Savvik Buying Group (Formerly North Central EMS Cooperative (NCEMSC)
Updated/reviewed June 2017
  • Need: Due to its reduced Medicare ambulance service reimbursement, the 1997 Balanced Budget Act threatened to put many rural volunteer emergency medical services (EMS) providers out of business across the country.
  • Intervention: Savvik (formerly North Central EMS Cooperative, or NCEMSC) created a mechanism for EMS providers to achieve cost reduction through group purchasing.
  • Results: The program brings discounts on EMS supplies to over 6,300 members across the United States, Canada, and Mexico.
Simulation in Motion-South Dakota (SIM-SD) EMS Educational Outreach Program
Updated/reviewed January 2017
  • Need: To provide increased educational opportunities for emergency care personnel in rural and frontier South Dakota.
  • Intervention: A technologically advanced training was created to enhance the delivery of emergency patient care.

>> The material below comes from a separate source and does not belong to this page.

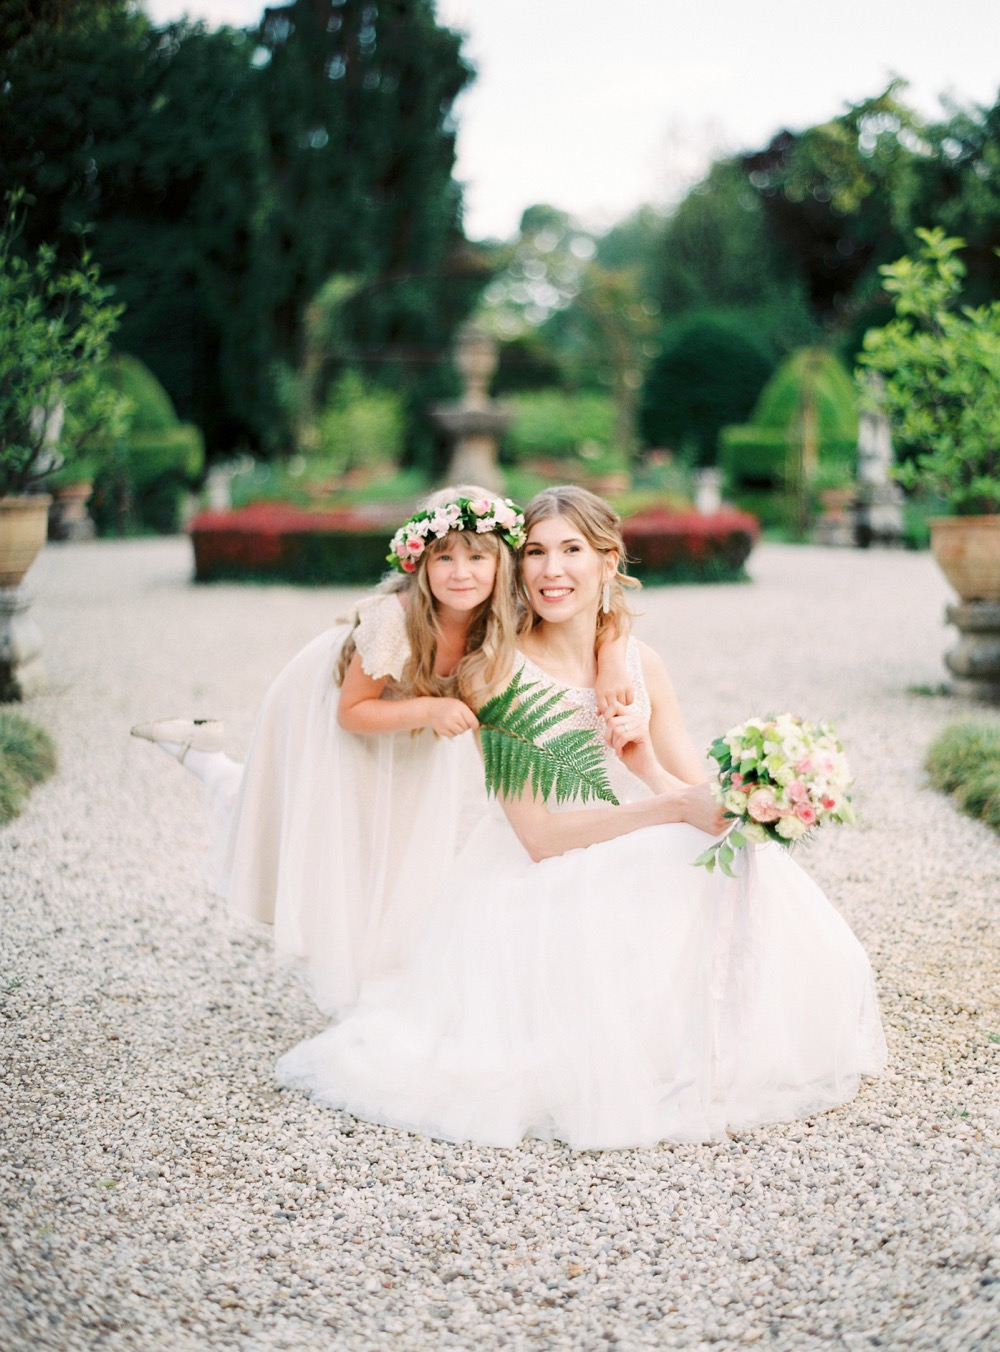 darya kamalova thecablookfotolab fine art film fhotographer in italy destination wedding como lake villa regina teodolinda villa pisani scalabrin-113
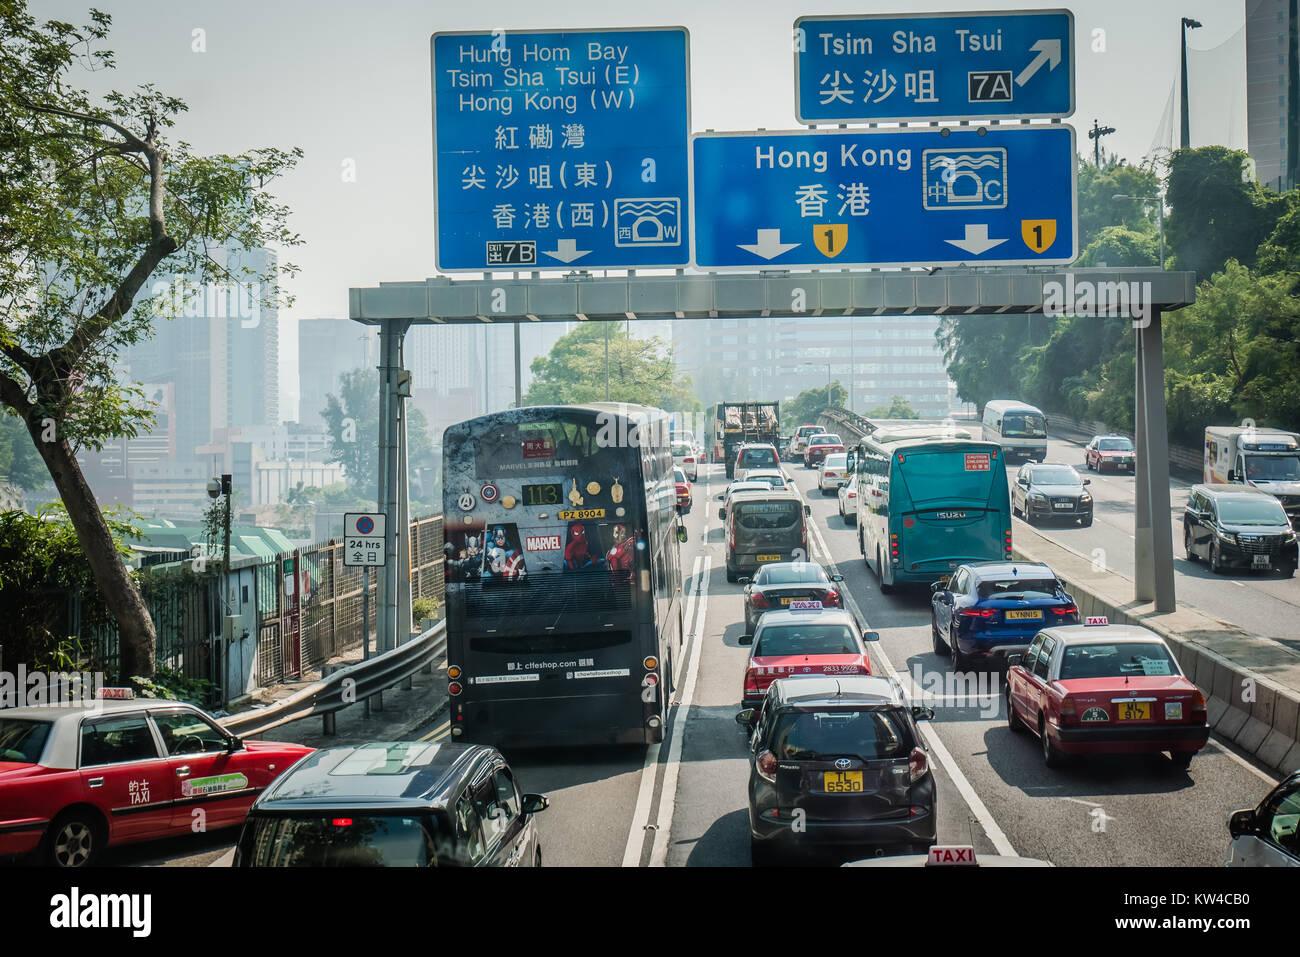 hong kong traffic congestion - Stock Image

  • Results: Hundreds of EMS staff and volunteers received training that in turn helped them in the field of emergency patient care.
Rescue Divas EMT Recruitment
Updated/reviewed December 2016
  • Need: There is a shortage of EMTs in rural northern Wisconsin.
  • Intervention: Rescue Divas is a summer camp program geared toward middle school girls that was created to spark an interest in future careers in emergency medical services.
  • Results: The number of girls who were very interested in pursuing a career in EMS jumped from 6 to 13 after participating in Rescue Divas.
Rural Nevada EMS Conference
Added September 2016
  • Need: To provide rural Nevada EMS personnel an opportunity to receive quality training and current EMS information from national EMS educators.
  • Intervention: For 25 years, the Rural Nevada EMS Conference has been offering continuing education units and engaging sessions for EMS personnel.
  • Results: The 2015 conference was rated as "very good" or "excellent" by 97% of its 251 participants.
funded by the Federal Office of Rural Health Policy EMS Live@Nite
Updated/reviewed July 2016
  • Need: 80% of rural EMS providers are volunteers. Distance, time, and cost make it difficult for these volunteers to attend continuing education and maintain certification.
  • Intervention: Inland Northwest Health Services delivers free online training to rural EMS providers via video teleconferencing.
  • Results: The EMS Live@Nite program provides free, monthly training to rural EMS providers in the northwestern part of the United States. The Program is available through live video conferencing from certified locations in rural communities.
Level One Cardiac Care and Partnership
Updated/reviewed March 2016
  • Need: Fast diagnosis and stabilization in order to survive a cardiac emergency in the rural areas around Davenport, Washington.
  • Intervention: Lincoln Hospital is prepared to quickly assess needs, deliver medications, and air transport heart attack patients to Sacred Heart Medical Center in Spokane, Washington.
  • Results: Increased survival rates and other quality of life outcomes for heart attack patients from the rural areas of Lincoln County, Washington.